I defer to your personal perspective as a former student, but it's not the view of Oberlin among faculty in other departments. It is surprising it took such a long time for jazz to become fully curricular there, but there has been (as you note in the FPP) jazz and improvised music on a remarkable level for a long time, just perhaps not in the practice rooms.
posted by fourcheesemac at 5:44 AM on June 21, 2010


That odd tension is what makes the whole thing so interesting. On the one hand, you have Rod Knight's class (incredibly knowledgeable man, interesting to talk to, impressive musician, incredibly dull lecturer. And you have the overall forward-looking student and faculty body, interested in all sorts of experimental things.
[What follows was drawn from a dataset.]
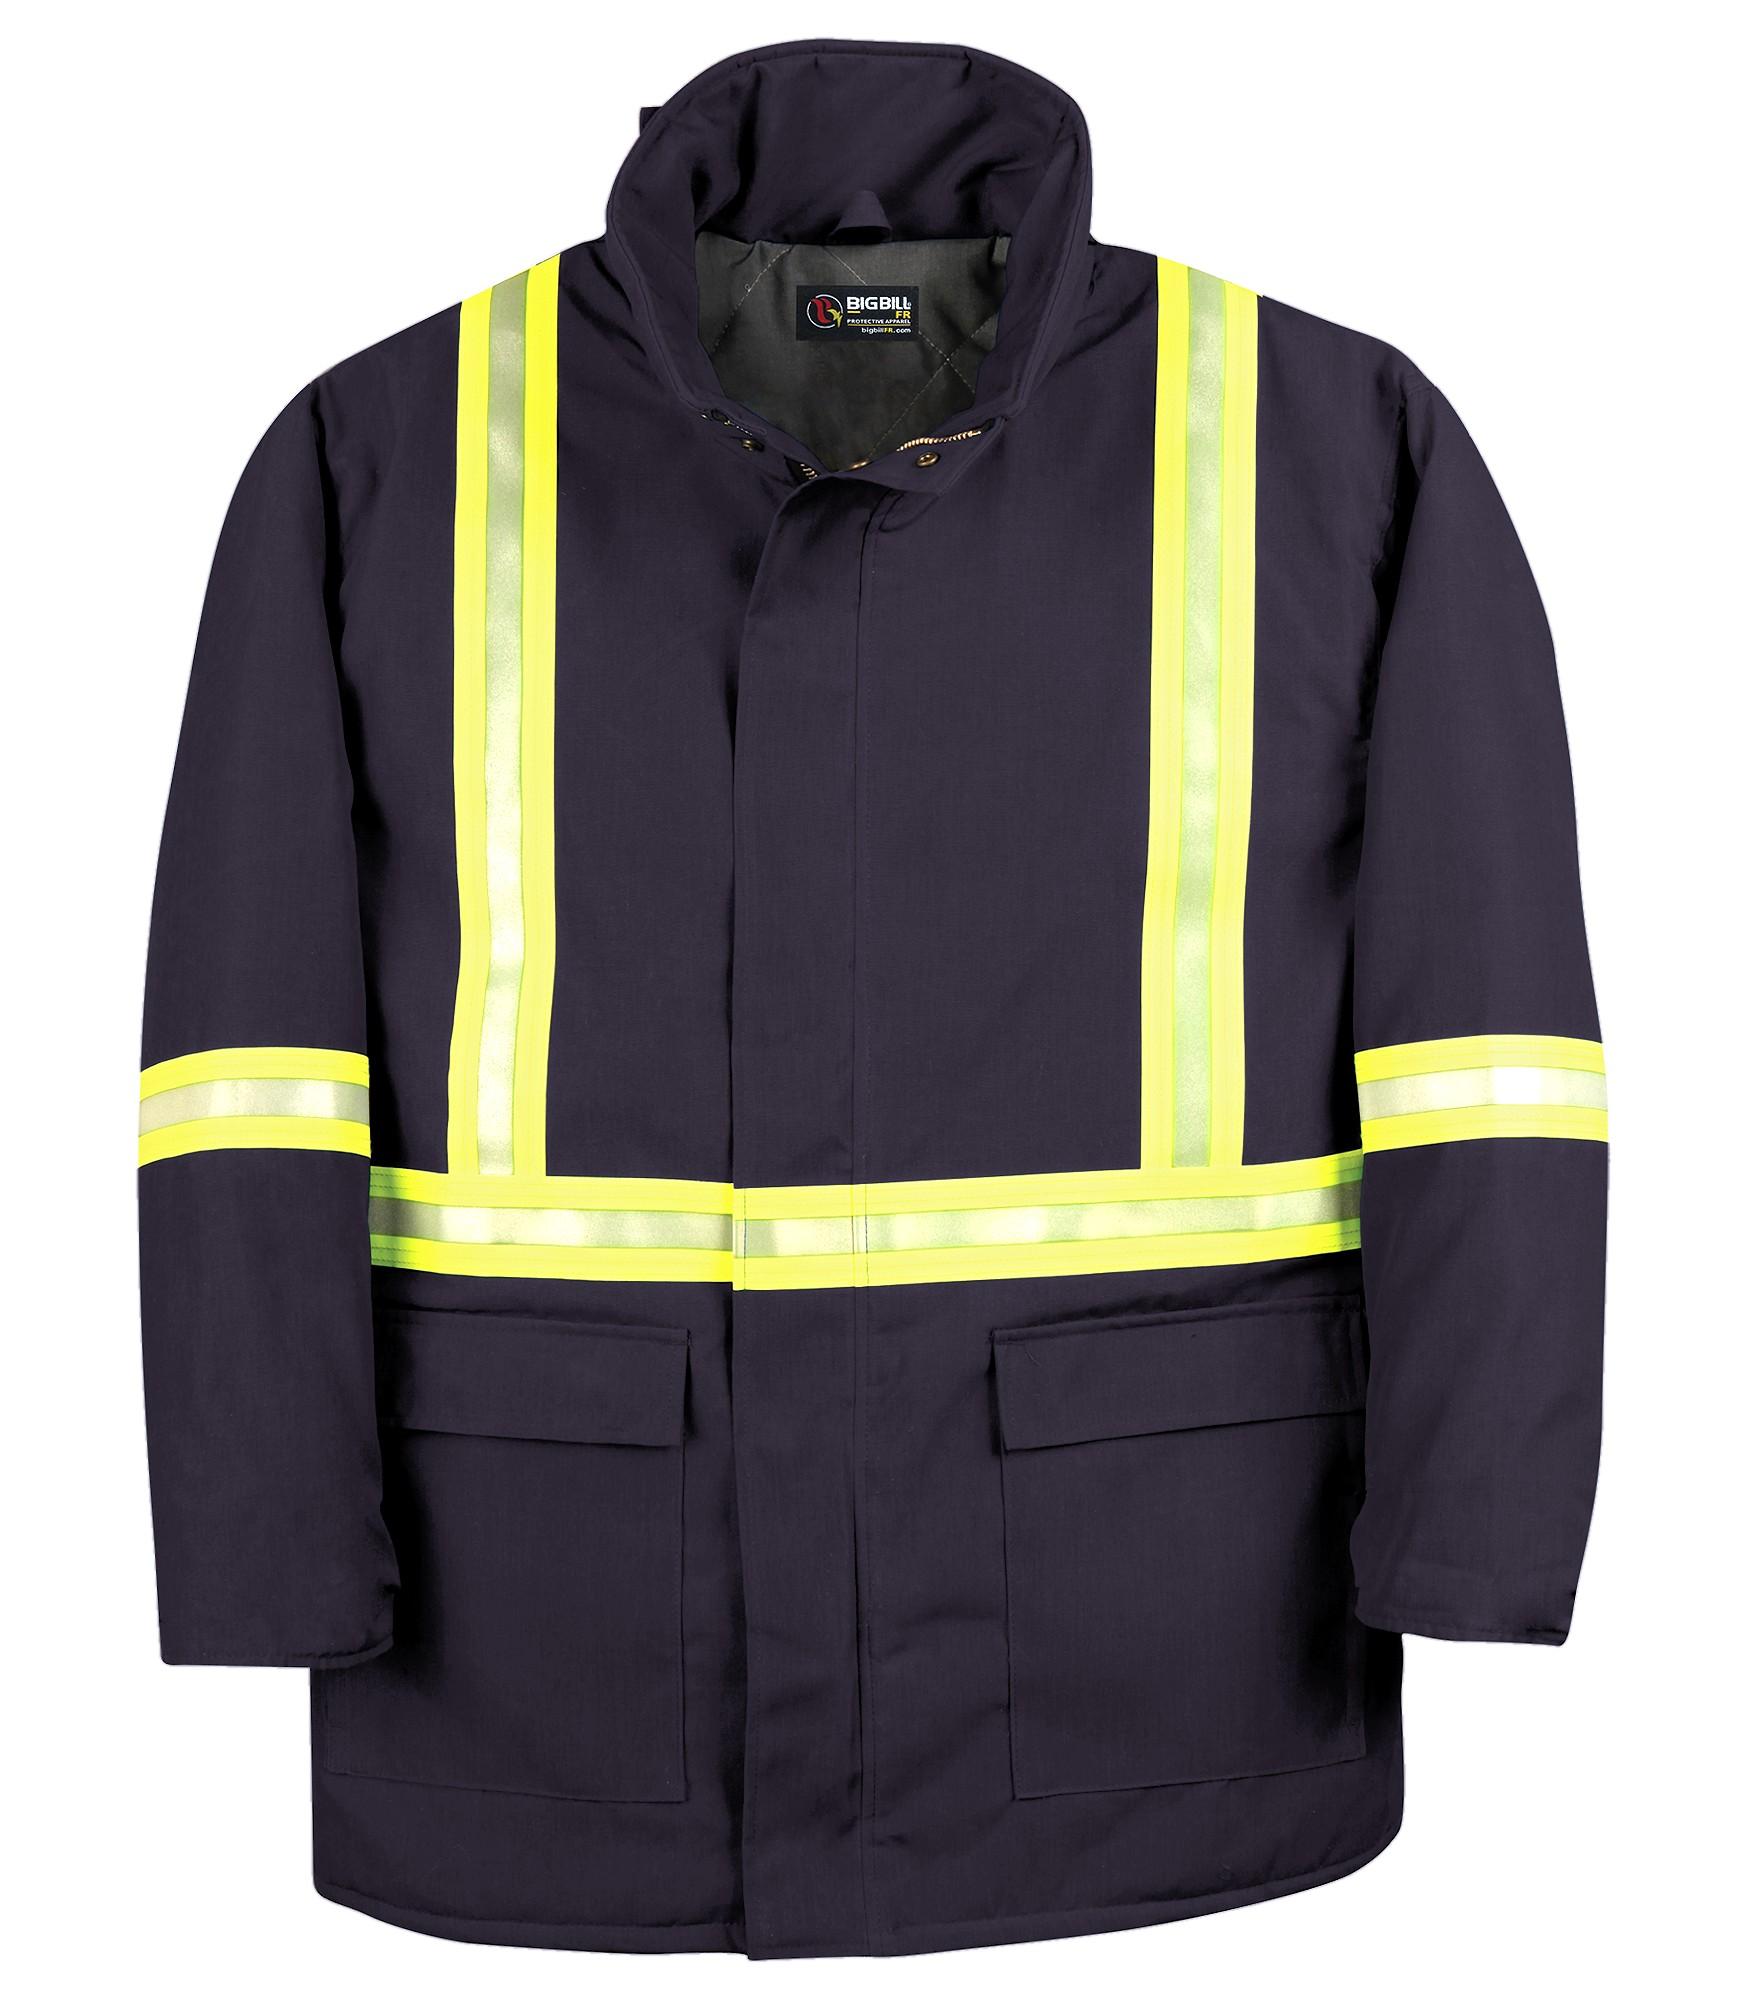 AMP_CA   Big Bill® Flame Resistant Nomex® IIIA® High

But treating jazz as on par with classical music is something a lot of people had a hard time with, even up to the 90s.
posted by bardophile at 6:13 AM on June 21, 2010


fourcheesemac: until very recently, when jazz studies got its own building, the department was housed in one of the former gyms on campus and wasn't physically near the conservatory.
posted by mandymanwasregistered at 10:55 AM on June 21, 2010


My contact with Wendell Logan was through a fellow student named Rich who wanted to learn as part of a Winter Term Project. Wendell was his adviser (ultimately the reviewer of his work). At the end of the month, I helped Rich go from "never played; can't read music" to being able to play "'Round Midnight." (Rich's goal). Wendell was astonished. I was proud.
posted by plinth at 11:04 AM on June 21, 2010


What does physical proximity have to do with anything, mandyetc?
posted by fourcheesemac at 4:40 AM on June 22, 2010


fourcheesemac, it's just that on a campus that you can walk across in 15 minutes, the Con and Hales Gym are 15 minutes apart. Pretty much everyone I knew saw that as representative of the relationship between jazz and "serious" music at the Con. Even though they mostly thought that Oberlin was better about this than "most conservatories."

Your impression, however, is not incorrect, either. It's kind of like the way most Americans I've met aren't racist, but America (like many other, if not all, countries) has a considerable amount of institutional racism.